Items listed in a dataset:
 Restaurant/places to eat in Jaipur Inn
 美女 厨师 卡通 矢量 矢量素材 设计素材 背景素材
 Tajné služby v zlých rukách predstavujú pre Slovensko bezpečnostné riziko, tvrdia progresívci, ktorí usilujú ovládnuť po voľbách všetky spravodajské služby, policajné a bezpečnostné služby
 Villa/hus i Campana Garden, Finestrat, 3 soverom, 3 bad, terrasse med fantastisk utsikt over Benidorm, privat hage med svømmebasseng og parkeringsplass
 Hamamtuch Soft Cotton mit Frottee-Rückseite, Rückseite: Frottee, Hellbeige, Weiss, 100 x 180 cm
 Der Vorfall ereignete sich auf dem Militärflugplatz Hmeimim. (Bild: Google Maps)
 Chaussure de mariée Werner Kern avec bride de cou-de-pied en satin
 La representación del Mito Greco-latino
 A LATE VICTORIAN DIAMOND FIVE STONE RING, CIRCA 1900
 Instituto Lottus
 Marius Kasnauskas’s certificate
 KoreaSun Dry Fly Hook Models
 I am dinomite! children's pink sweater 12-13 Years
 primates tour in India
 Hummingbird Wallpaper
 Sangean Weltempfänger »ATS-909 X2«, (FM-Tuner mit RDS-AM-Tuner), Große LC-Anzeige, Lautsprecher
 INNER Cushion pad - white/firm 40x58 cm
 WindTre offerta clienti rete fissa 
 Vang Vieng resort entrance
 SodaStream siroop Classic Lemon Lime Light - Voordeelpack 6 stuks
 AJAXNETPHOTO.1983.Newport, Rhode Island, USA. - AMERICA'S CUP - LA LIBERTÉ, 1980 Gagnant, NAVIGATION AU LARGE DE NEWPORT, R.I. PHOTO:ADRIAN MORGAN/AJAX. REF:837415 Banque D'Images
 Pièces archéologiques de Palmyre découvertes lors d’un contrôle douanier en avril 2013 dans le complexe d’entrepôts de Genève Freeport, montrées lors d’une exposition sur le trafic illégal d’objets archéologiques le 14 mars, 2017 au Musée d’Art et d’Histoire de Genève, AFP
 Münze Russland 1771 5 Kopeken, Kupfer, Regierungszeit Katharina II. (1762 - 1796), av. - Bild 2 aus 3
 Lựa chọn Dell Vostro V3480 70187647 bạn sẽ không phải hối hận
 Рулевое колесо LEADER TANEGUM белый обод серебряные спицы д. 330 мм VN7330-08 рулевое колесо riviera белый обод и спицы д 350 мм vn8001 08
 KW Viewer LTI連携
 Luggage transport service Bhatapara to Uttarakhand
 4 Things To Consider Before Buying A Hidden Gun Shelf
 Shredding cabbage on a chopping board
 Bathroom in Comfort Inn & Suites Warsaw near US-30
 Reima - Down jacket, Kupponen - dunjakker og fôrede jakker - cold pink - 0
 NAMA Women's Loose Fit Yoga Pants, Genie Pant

What is required » Start at the first line of the entries and stop at the line with "Villa/hus i Campana". Retype each of those lines exactly, both ends included.

Result below »
 Restaurant/places to eat in Jaipur Inn
 美女 厨师 卡通 矢量 矢量素材 设计素材 背景素材
 Tajné služby v zlých rukách predstavujú pre Slovensko bezpečnostné riziko, tvrdia progresívci, ktorí usilujú ovládnuť po voľbách všetky spravodajské služby, policajné a bezpečnostné služby
 Villa/hus i Campana Garden, Finestrat, 3 soverom, 3 bad, terrasse med fantastisk utsikt over Benidorm, privat hage med svømmebasseng og parkeringsplass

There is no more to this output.